WHAT TO DO - From the first line to the last, copy the listing exactly and omit the pictures.

DATASET EXTRACT -

---+---

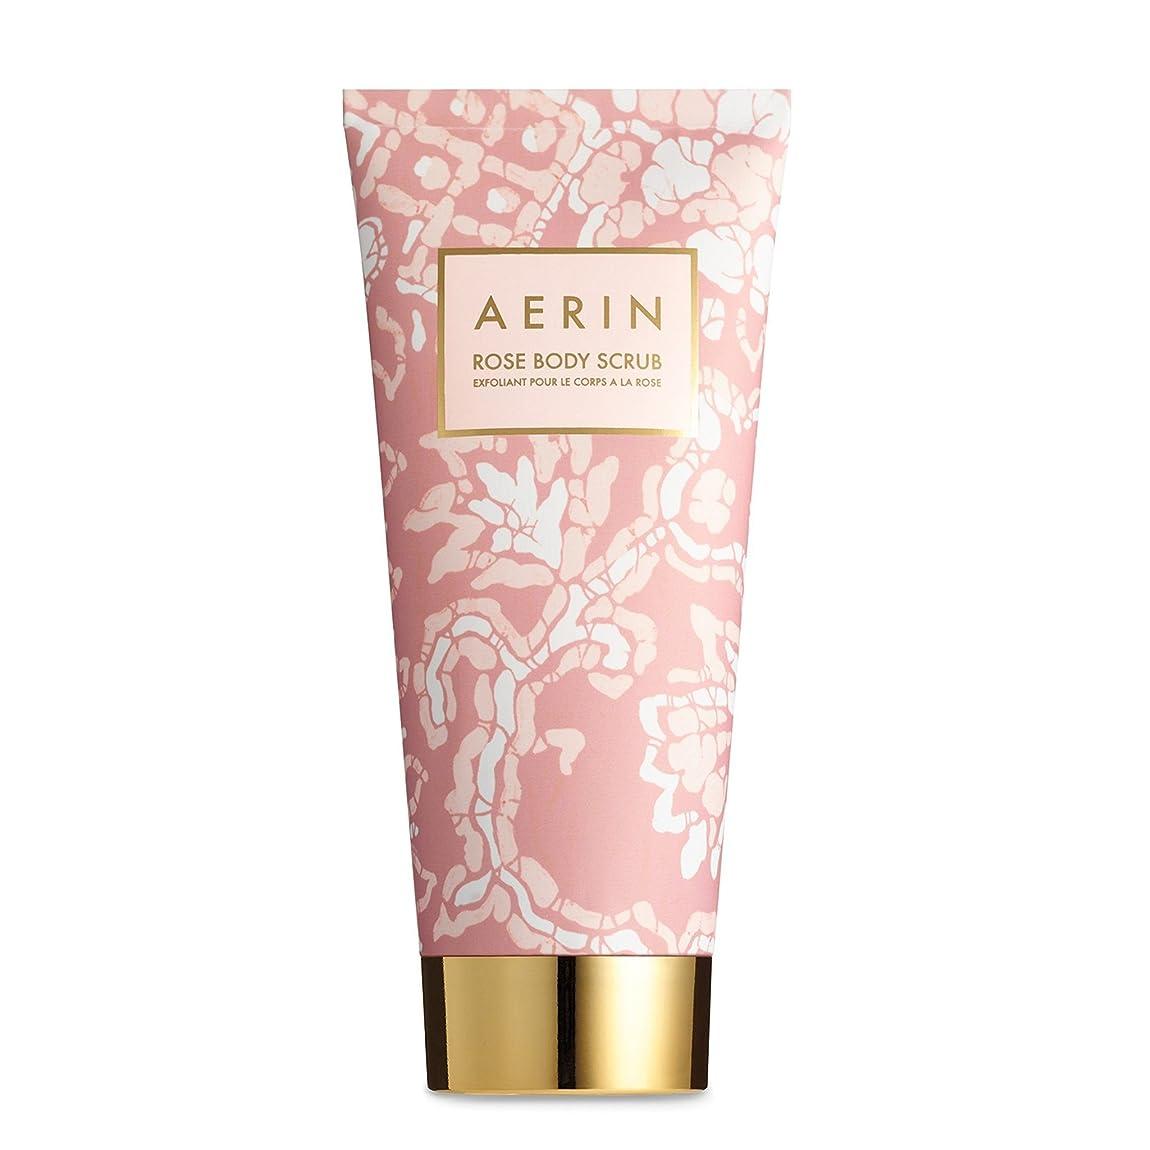 きゅうりクラウド協力AERIN Rose Body Scrub(アエリン ローズ ボディー スクラブ) 6.7 oz (200ml) by Estee Lauder
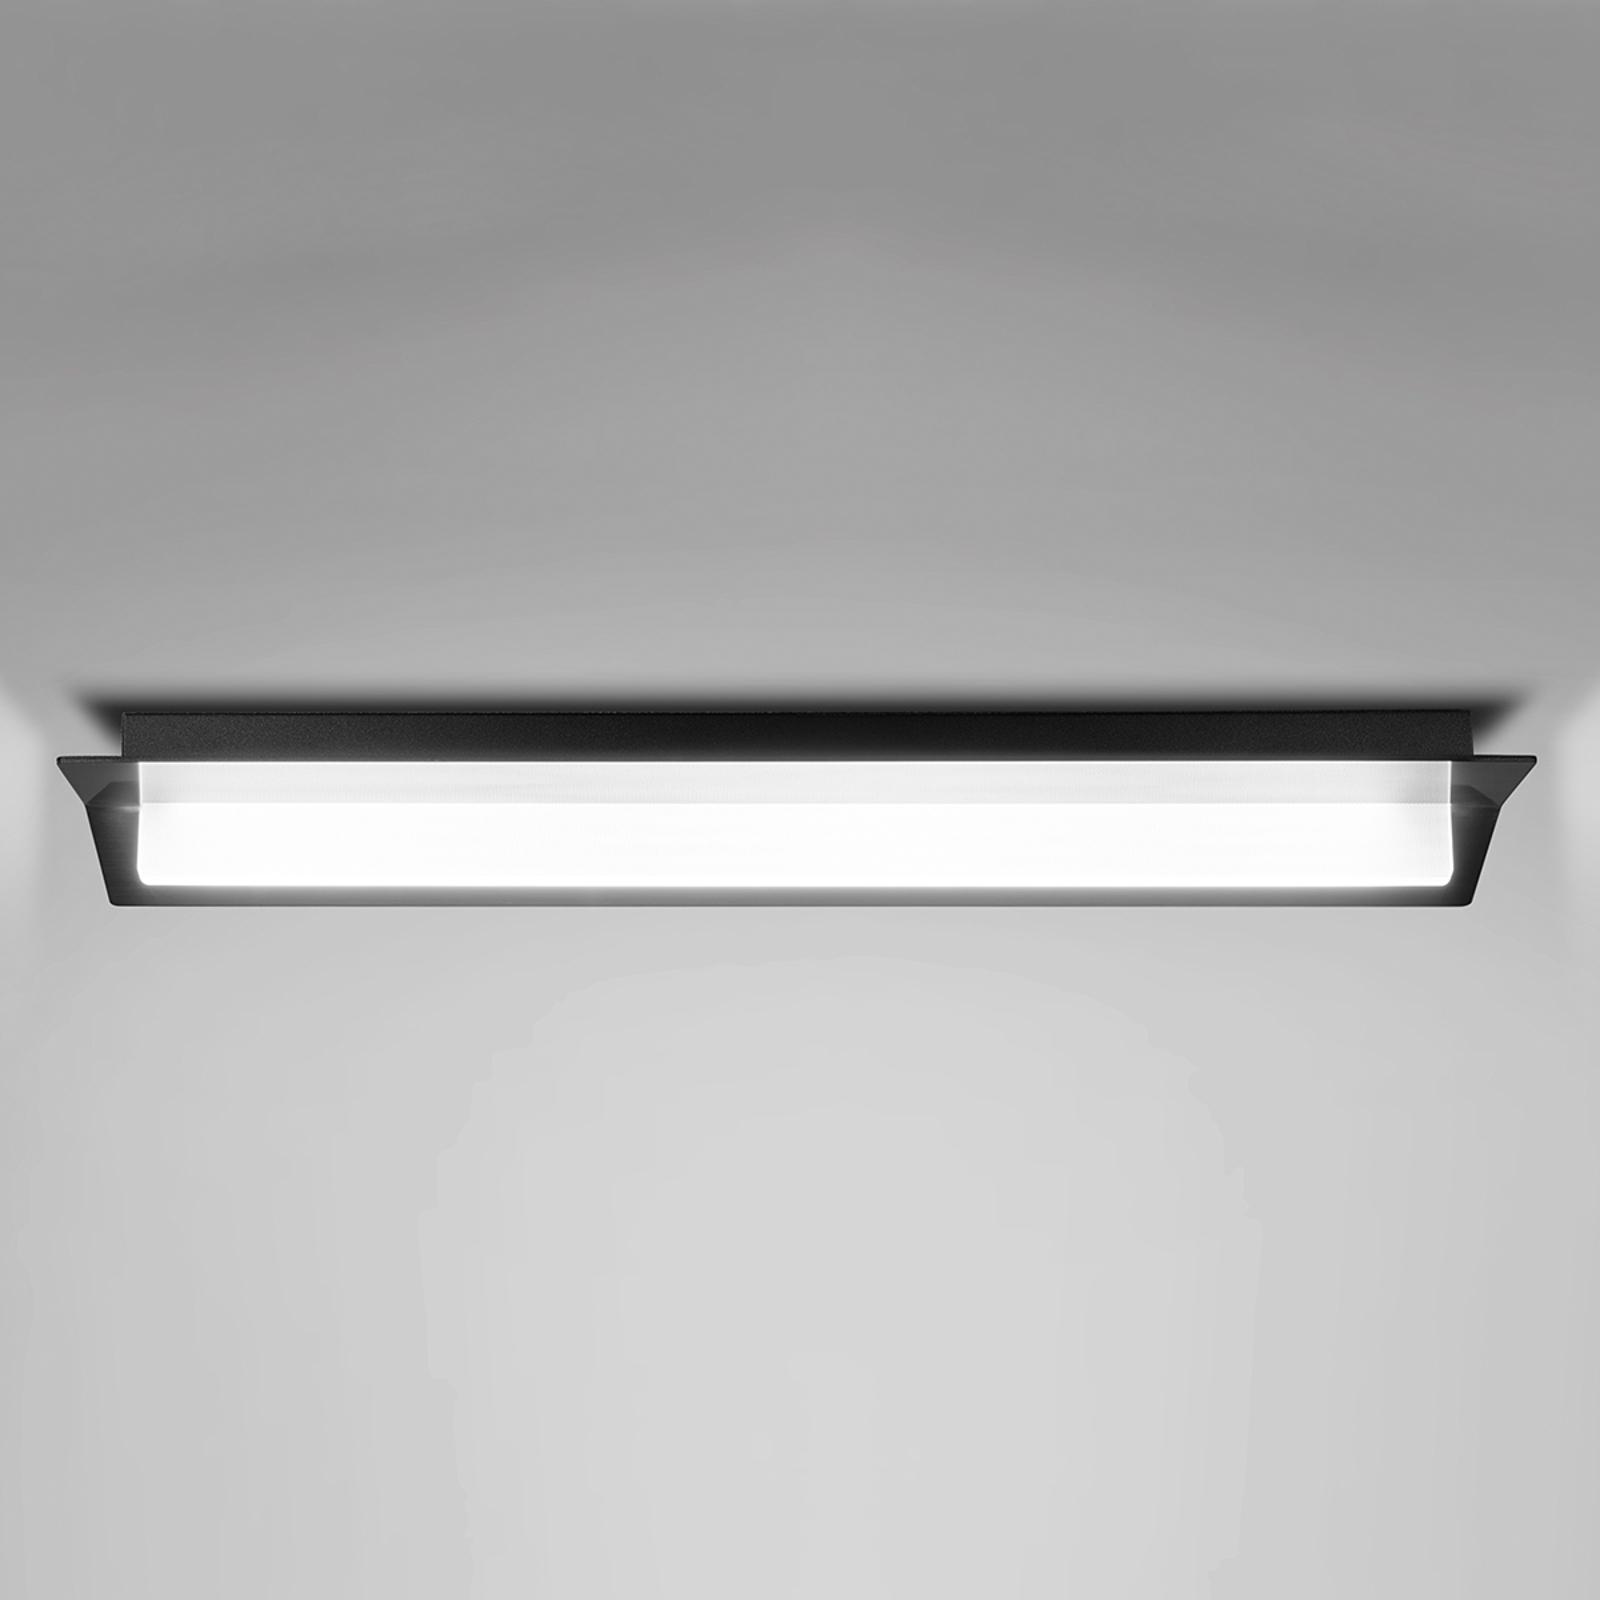 LED Deckenleuchte Flurry, 100 cm, schwarz
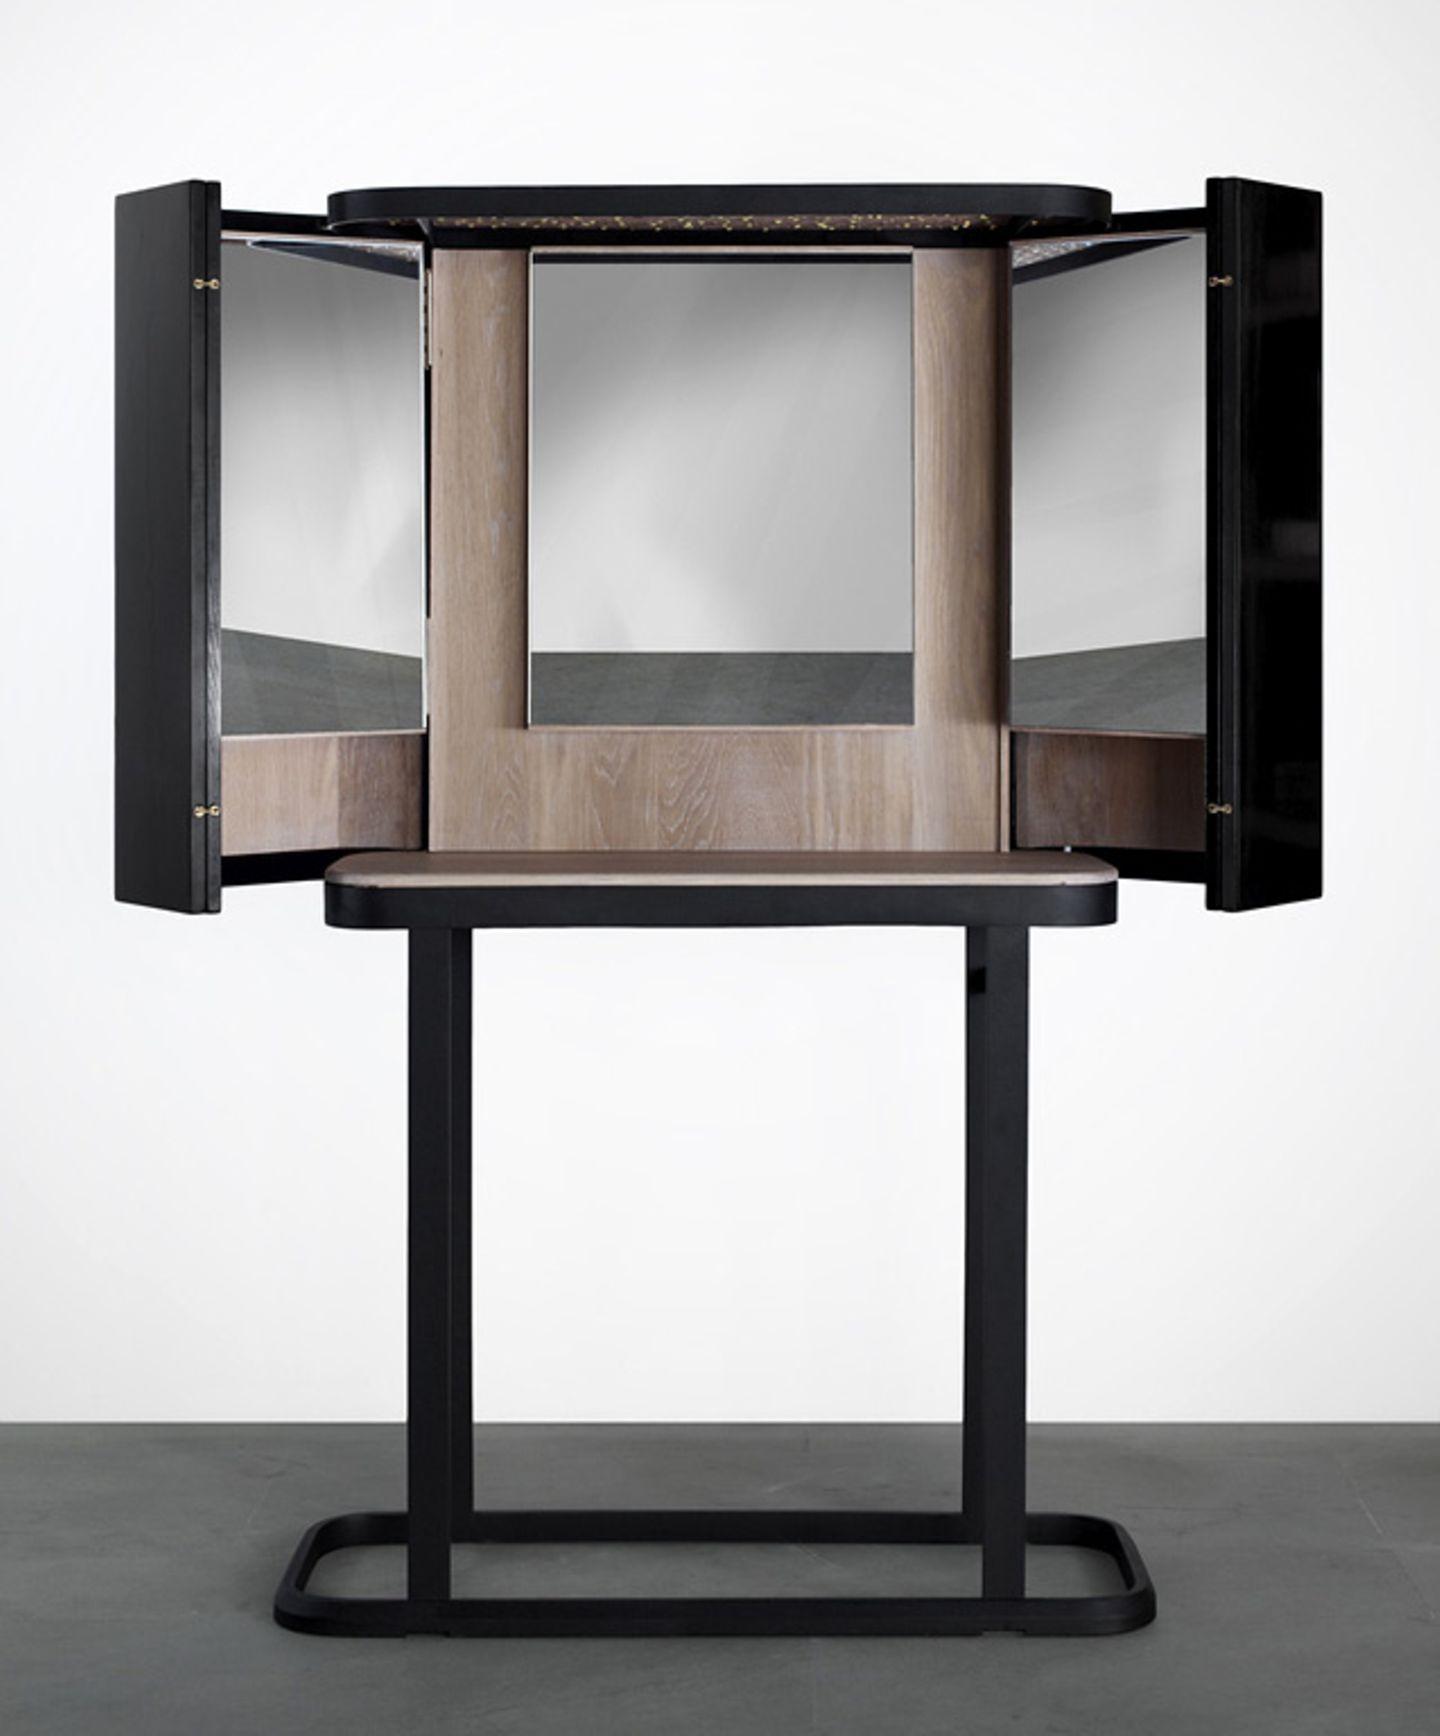 """Triptychon: Schminktisch """"The Narcissist"""" von Barcelona Design"""

---+---

SOLUTION TO THE PROBLEM -
 きゅうりクラウド協力AERIN Rose Body Scrub(アエリン ローズ ボディー スクラブ) 6.7 oz (200ml) by Estee Lauder
 LED Deckenleuchte Flurry, 100 cm, schwarz
 """Triptychon: Schminktisch """"The Narcissist"""" von Barcelona Design"""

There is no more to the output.